Glyphosate is relatively stable to chemical and photo
decomposition.6 The primary pathway of glyphosate degradation is soil
microbial action, which yields AMPA and glyoxylic acid. Both products
are further degraded to carbon dioxide.3
Glyphosate adsorbs tightly to soil. Glyphosate and its residues are
expected to be immobile in soil.6

Water

The median half-life of glyphosate in water varies from a few days
to 91 days.1
Glyphosate did not undergo hydrolysis in buffered solution with a
pH of 3, 6, or 9 at 35 °C. Photodegradation of glyphosate in water was
insignificant under natural light in a pH 5, 7, and 9 buffered
solution.58,59
Glyphosate in the form of the product Roundup® was applied to
aquatic plants in fresh and brackish water. Glyphosate concentrations in
both ponds declined rapidly, although the binding of glyphosate to
bottom sediments depended heavily on the metals in the sediments. If
chelating cations are present, the sediment half-life of glyphosate may
be greatly increased.60
Glyphosate has a low potential to contaminate groundwater due to
its strong adsorptive properties.
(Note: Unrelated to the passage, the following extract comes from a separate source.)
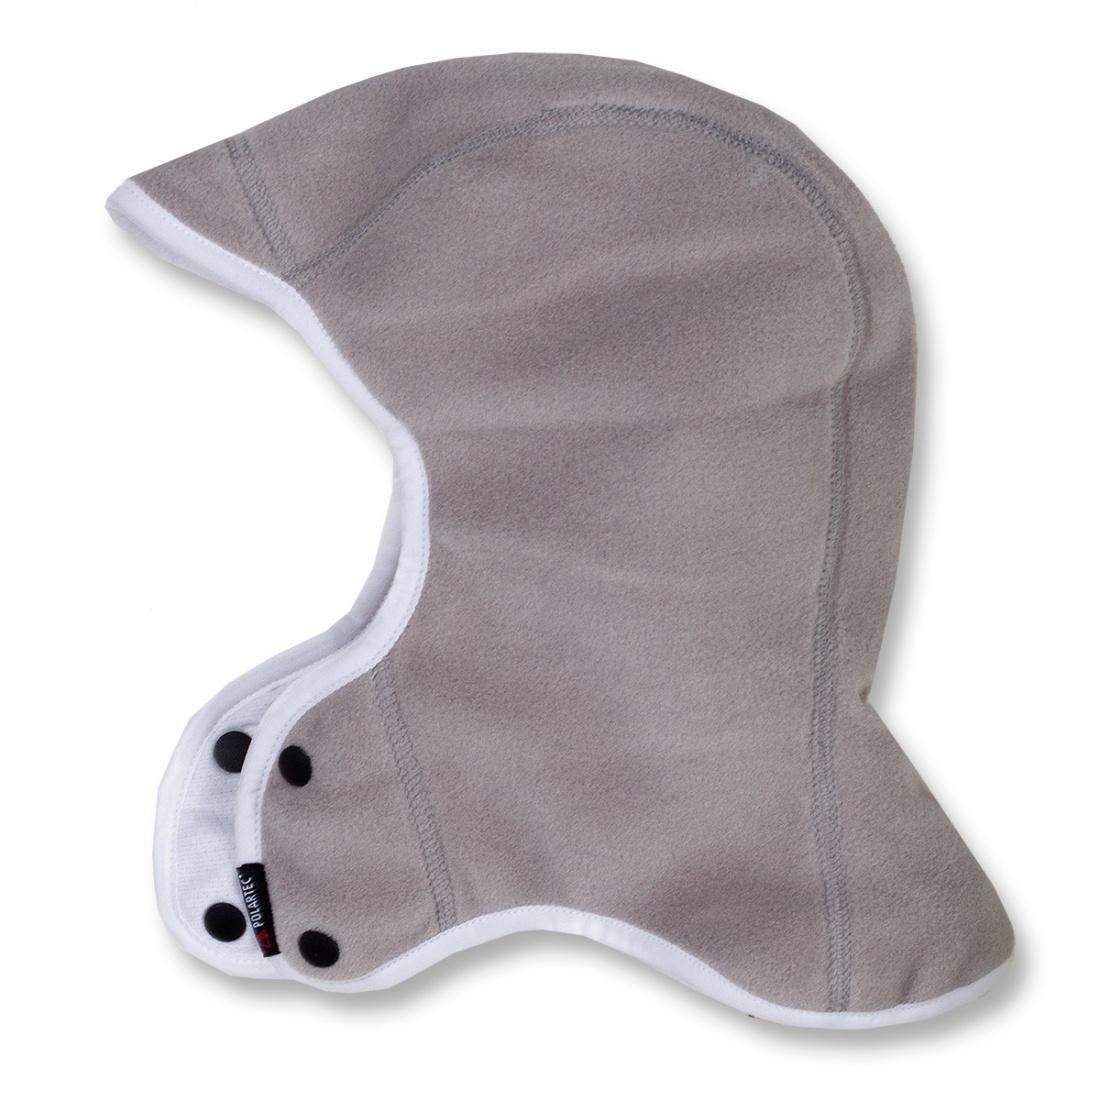 Шапка Cub II ДетскаяШапки<br><br> Легкая, удобная шапочка. Безупречно облегает голову ребенка, закрывая лоб и уши. Незаменима при ненастнойпогоде поздней осеньюлиботеплой зимой.<br><br><br> <br><br><br>Материал –Polartec® Classiс 200.<br> <br>Облегающи...<br><br>Цвет: Серый<br>Размер: XS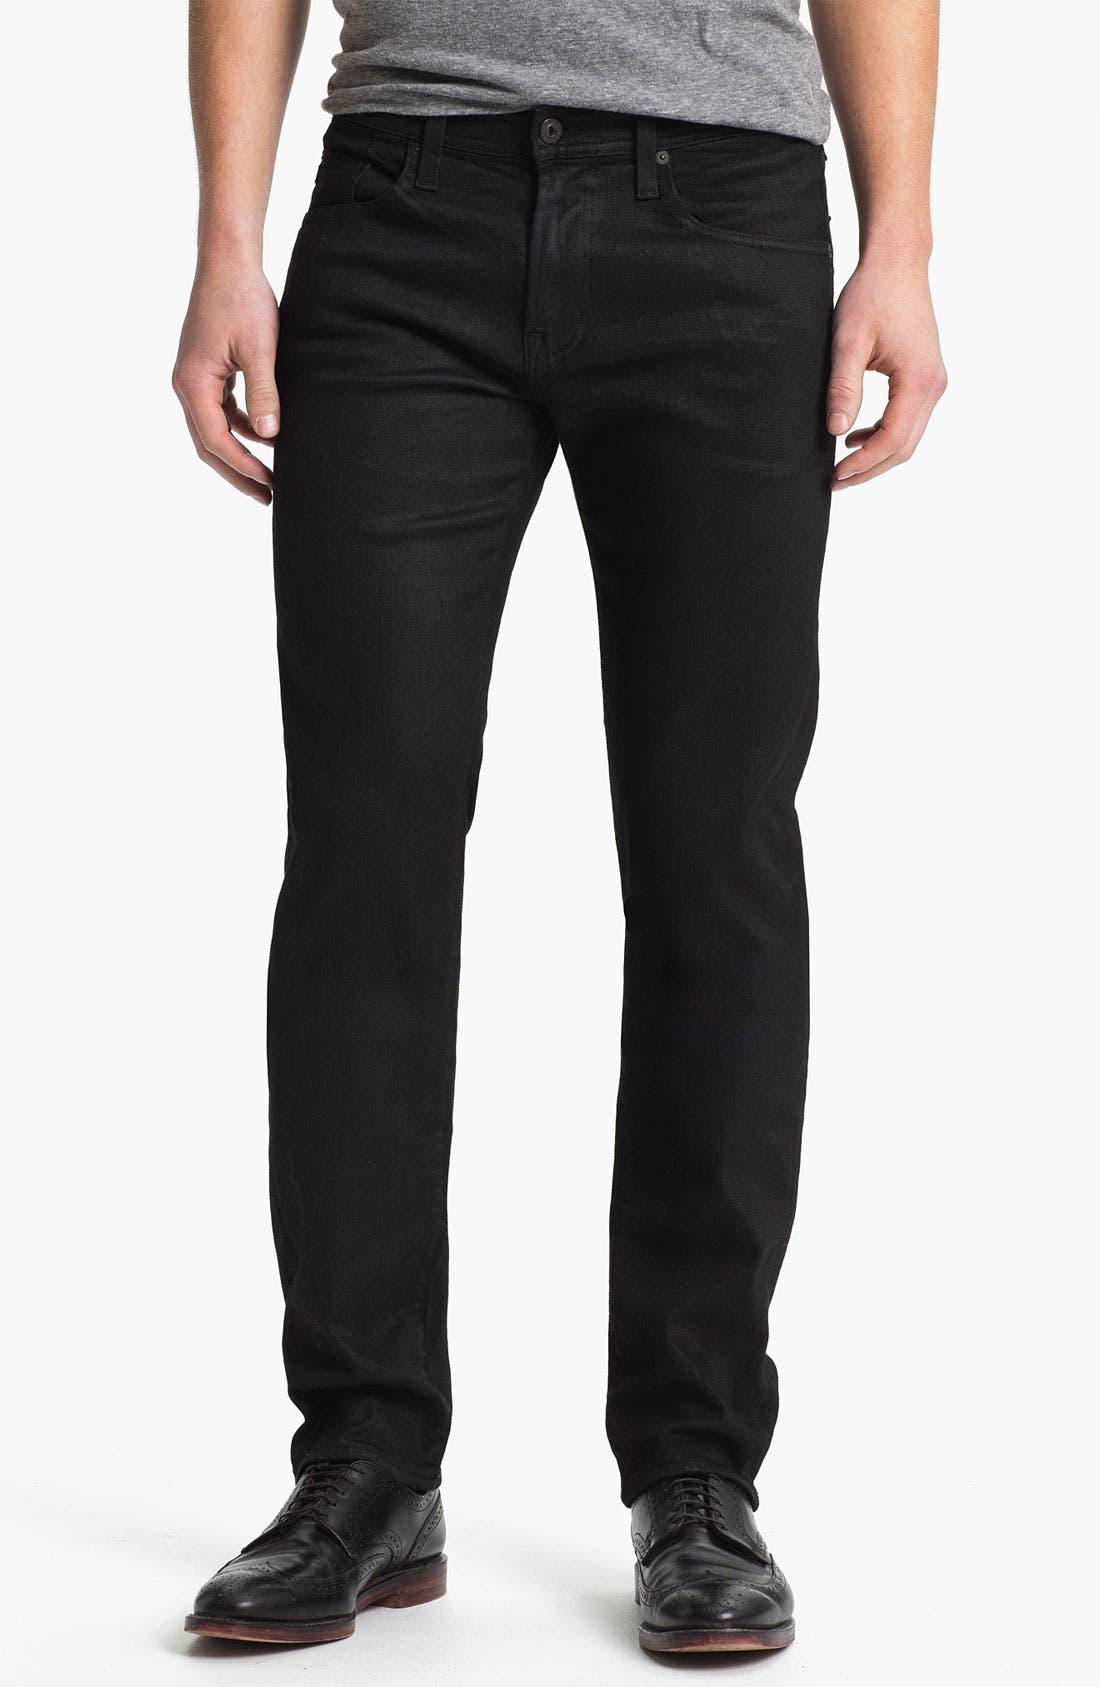 Alternate Image 1 Selected - AG Jeans 'Matchbox Slim' Straight Leg Jeans (Coal)

However, there is potential for
surface water contamination from aquatic uses of glyphosate and soil
erosion.6
Volatilization of glyphosate is not expected to be significant due
to its low vapor pressure.6

Air

Glyphosate and all its salts are very low in volatility with vapor
pressures ranging from 1.84 x 10-7 mmHg to 6.75 x 10-8 mmHg at 25 °C.1,4,8
Glyphosate is stable in air.1

Plants

Glyphosate is absorbed by plant foliage and transported throughout
the plant through the phloem.3 Glyphosate absorption across the cuticle
is moderate, and transport across the cell membrane is slower than for
most herbicides.4 Because glyphosate binds to the soil, plant uptake of
glyphosate from soil is negligible.3
Glyphosate accumulates in meristems, immature leaves, and
underground tissues.4
Very little glyphosate is metabolized in plants, with AMPA as the
only significant degradation product.3
Lettuce, carrots, and barley contained glyphosate residues up to
one year after the soil was treated with 3.71 pounds of glyphosate per
acre.61,62
Glyphosate had a median half-life of 8 to 9 days in leaf litter of
red alder and salmonberry sprayed with Roundup®.48

Indoor

All surface wipe and dust samples collected from five farm
households in Iowa contained detectable levels of glyphosate ranging
from 0.0081-2.7 ng/cm2. In six non-farm households, 28 out of 33 samples
collected contained detectable levels of glyphosate ranging from
0.0012-13 ng/cm2.63